The issue is becoming more pressing as brands increase their use of agentic AI in customer journeys. More than half of organisations surveyed, 53%, said they already use agentic AI, but respondents also reported significant barriers to wider deployment.

User trust was cited by 71% of organisations as a constraint on deeper AI use, while 64% pointed to data privacy concerns and 41% highlighted difficulties integrating their technology stacks. Together, these findings suggest AI adoption is advancing faster than the underlying systems needed to support it.

Ante Pamuković, chief revenue officer at Infobip, described the shift in the market.

"Our CX Maturity report highlights a turning point for global brands this year. The race to adopt agentic AI is well underway, but CX Maturity will be the key differentiator between brands prepared to launch effective AI-powered journeys that last and the ones that will struggle with scaling their adoption. To move from basic automated responses to deep, seamless customer journeys, brands must overcome the dual barriers of fragmented systems and user trust," said Pamuković.

The findings break down customer experience maturity across retail, banking and telecommunications, measuring automated journey coverage, tool and AI sophistication, and how ready infrastructure is to support broader deployment.

Sector results

Retail and telecommunications jointly led on journey automation, each scoring 32 out of 100, while banking scored 30. Telecommunications ranked highest on sophistication with 27, ahead of retail on 26 and banking on 21.

On system potential, retail and telecommunications again shared the top score at 59, compared with 56 for banking.
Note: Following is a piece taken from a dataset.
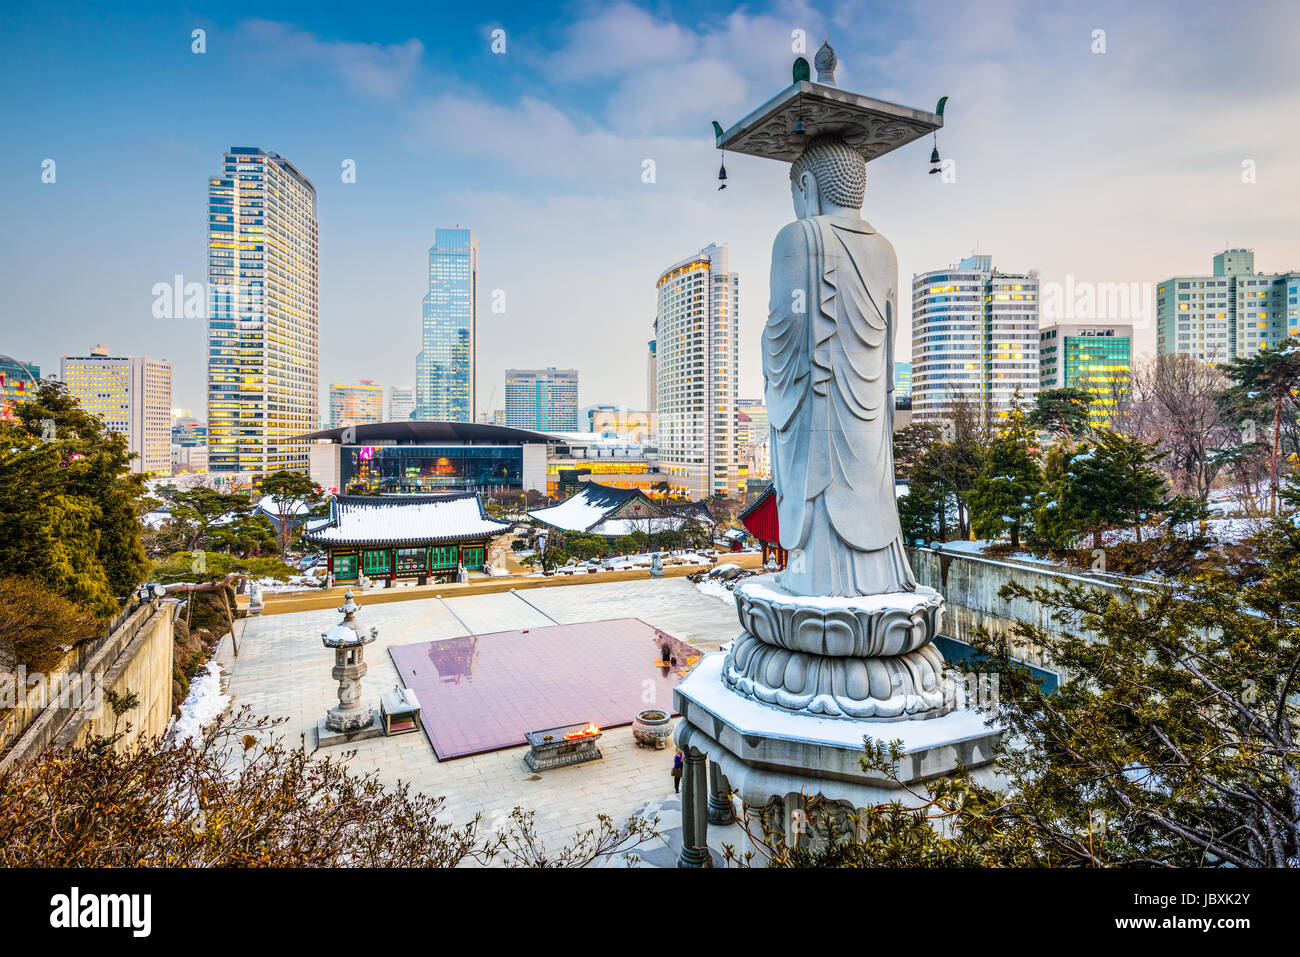 Seoul, South Korea skyline from Bongeunsa Temple. - Stock Image

Even so, the results suggest all three sectors still have considerable room for improvement, particularly in the sophistication of automated interactions.

The report defines journey scores as the proportion of the customer journey automated with communication and mobile tools. Sophistication reflects the technology and AI used for automation and the features enabled for each use case. System potential measures how far organisations have built API-ready infrastructure, communication solutions and channels that can be activated to improve customer journeys.

The data indicates that many brands have taken initial steps to automate customer communications, but fewer have unified platforms or integrated systems that can support more complex and responsive interactions. That matters in sectors such as banking, retail and telecoms, where customers increasingly expect to act within the communication channel rather than just receive one-way notifications.

Frost & Sullivan also commented on the market backdrop described in the research.

"Agentic AI has redefined the CX landscape with capacity to reason, plan, and implement across workflows. The challenge has now shifted from exploring the technology's potential to implementing it, requiring enterprises to adapt their systems and build customer trust," said Popova.

Across the findings, the central issue is not whether brands have begun automating customer interactions, but whether their systems are connected enough to support consistent service across channels. With only around one in four organisations using orchestration platforms and half still lacking full API readiness, many businesses appear to be operating on fragmented foundations even as they expand AI-led customer engagement.

This leaves a gap between investment and execution, particularly for companies trying to deliver two-way, action-based interactions rather than simple outbound messages. In practical terms, the research suggests customer experience performance will depend as much on integration and trust as on AI adoption itself.

Telecommunications emerged as the most advanced sector on sophistication, with a score of 27 out of 100.